By Bernard E. Harcourt
“One cannot disregard the fact that all the political currents which now affect the masses, whether they style themselves fascist, socialist, or communist, tend towards the same form of State capitalism.”
— Simone Weil, “Prospects,” 1933.[1]
Any theory of coöperism—any model of political economy that centers cooperation among workers, consumers, and ordinary citizens—must have an account of its opposite, namely top-down models that privilege state control of the economy. These include forms of state capitalism in which the state is essentially the guarantor of financial and economic activity, as well as forms of socialism or communism in which the state owns the means of production.
I would argue that state capitalism also includes contemporary American-style neoliberal capitalism in which the government treasury bails out and backstops the economy.

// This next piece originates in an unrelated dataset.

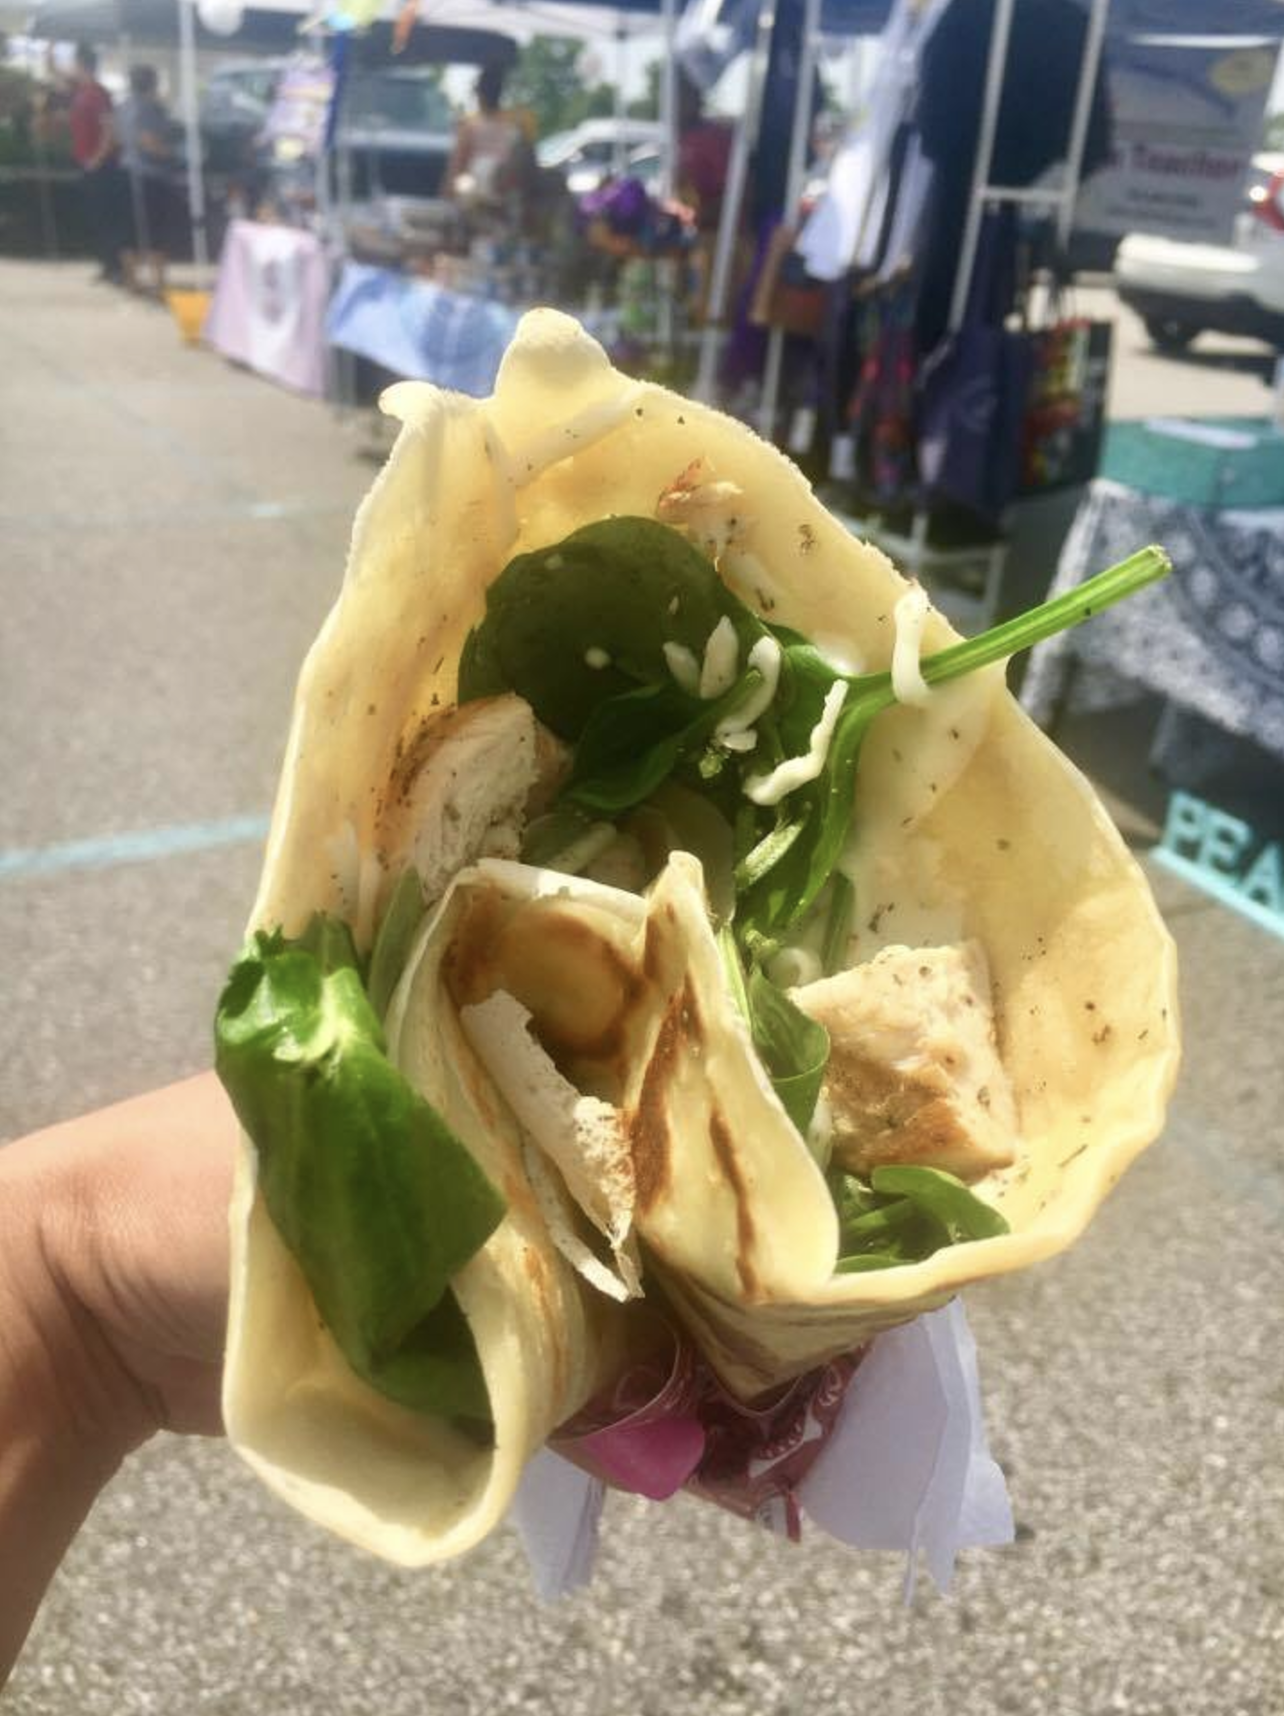 We enjoyed these mouth-watering, freshly-made healthy crepes from Rita's Crepes at "The Market at Potomac Mills" in Woodbridge, Virginia

As I argue in Cooperation, the term capitalism, as applied to an economy like the United States, is a misnomer because the system functions not primarily as a product of the free exchange of capital, but rather because of the U.S. Treasury’s bail-outs during financial crises and their promise to backstop the American economy—without which the dollar would collapse, the national debt would implode, and the country would go bankrupt and fall into chaos. Rather than capitalism, I would call such an economic regime “treasurism” or “tournament dirigisme”—a form of state dirigisme that favors capital holders. So I would include current American capitalism within the broad category of “state capitalism.”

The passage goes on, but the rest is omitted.